Il viaggio continuò fino al tramonto di quel giorno, quando finalmente raggiunsero Ludringa. Aggirarono la città ad almeno cinque miglia di distanza, preoccupati di essere avvistati dalle guardie. Raggiunsero il bosco quando gli ultimi bagliori di luce scomparvero all’orizzonte. Si sentiva lo scrosciare del fiume, era così rilassante e allo stesso tempo così terrificante. Si accamparono, cercando di costruire tende di fortuna. Ma c’era comunque chi, come Aura, preferiva dormire appoggiata alla sua cavalla: non era la prima volta che lo faceva, questo le aveva dato un senso di sicurezza quando avevano viaggiato da sole da Firenze alla foresta delle moar, cercava la stessa sensazione adesso. Poi c’era chi dormiva appoggiato ad un albero, come Yar e Jude, o chi preferiva gli spazzi vuoti sui carretti, tra armi e cibo, come Uline e Joseph. Quella sera fu senza turni di guardia, dormirono tutti, ma l’atmosfera era talmente tesa che se un pesce avesse tentato un’acrobazia nel fiume, sarebbero scattati tutti in piedi.

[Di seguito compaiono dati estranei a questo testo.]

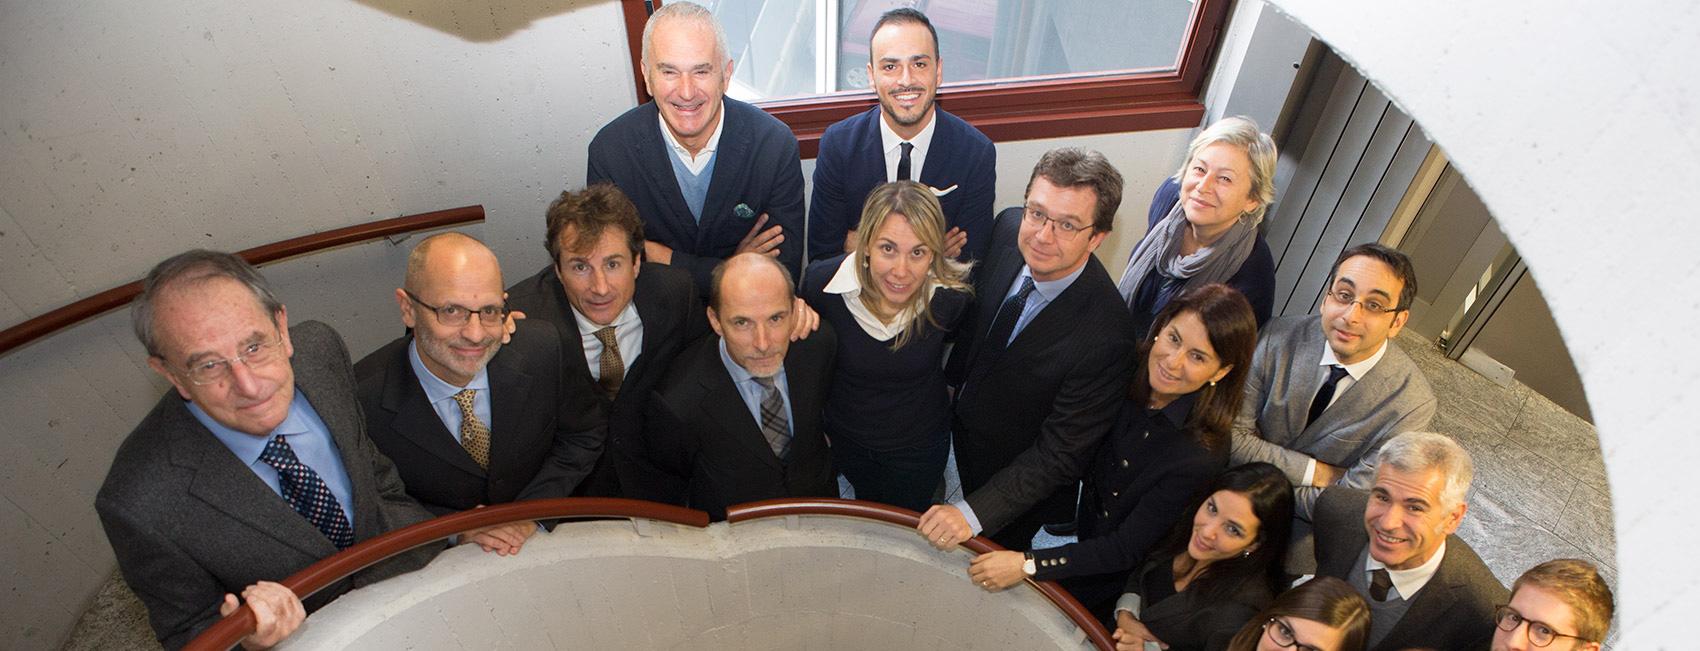 Dottori Commercialisti e Avvocati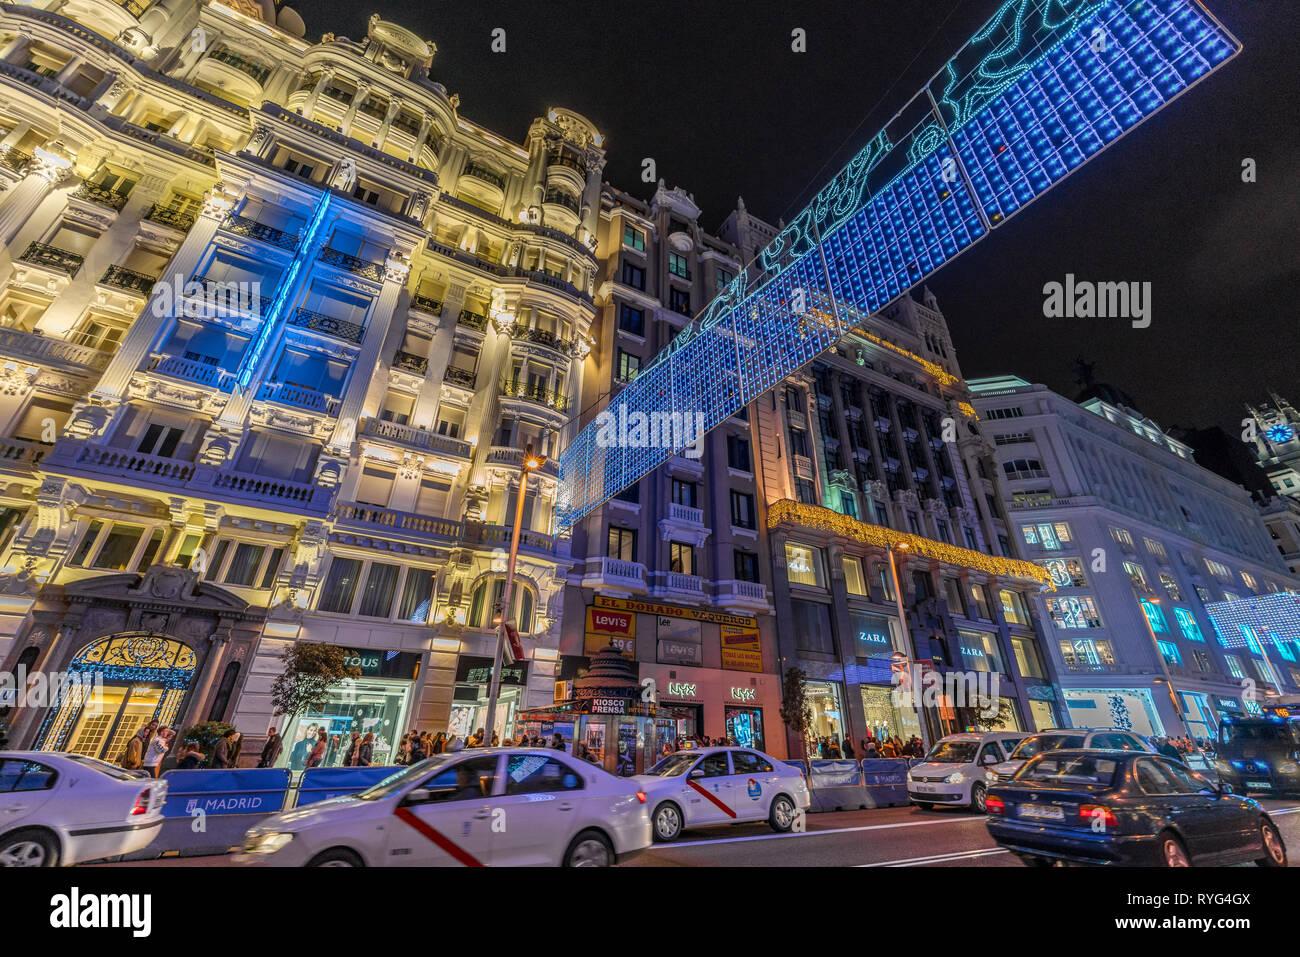 Madrid, Espagne - le 26 décembre 2017: les gens, en traversant la rue Gran Via, enjoing lumières de Noël la décoration et shopping au cours de la saison de Noël. Madrid Photo Stock

Si svegliarono con il rumore dei grilli, segno che era l’alba. Il freddo e l’umidità della notte si fecero sentire subito, chi aveva dormito fuori da quelle tende di fortuna o senza qualcosa a coprirli si ritrovò intorpidito e con una sensazione di tremore. Quando furono tutti svegli, Aura disse di accendere diversi fuochi, stando attenti a non causare un incendio.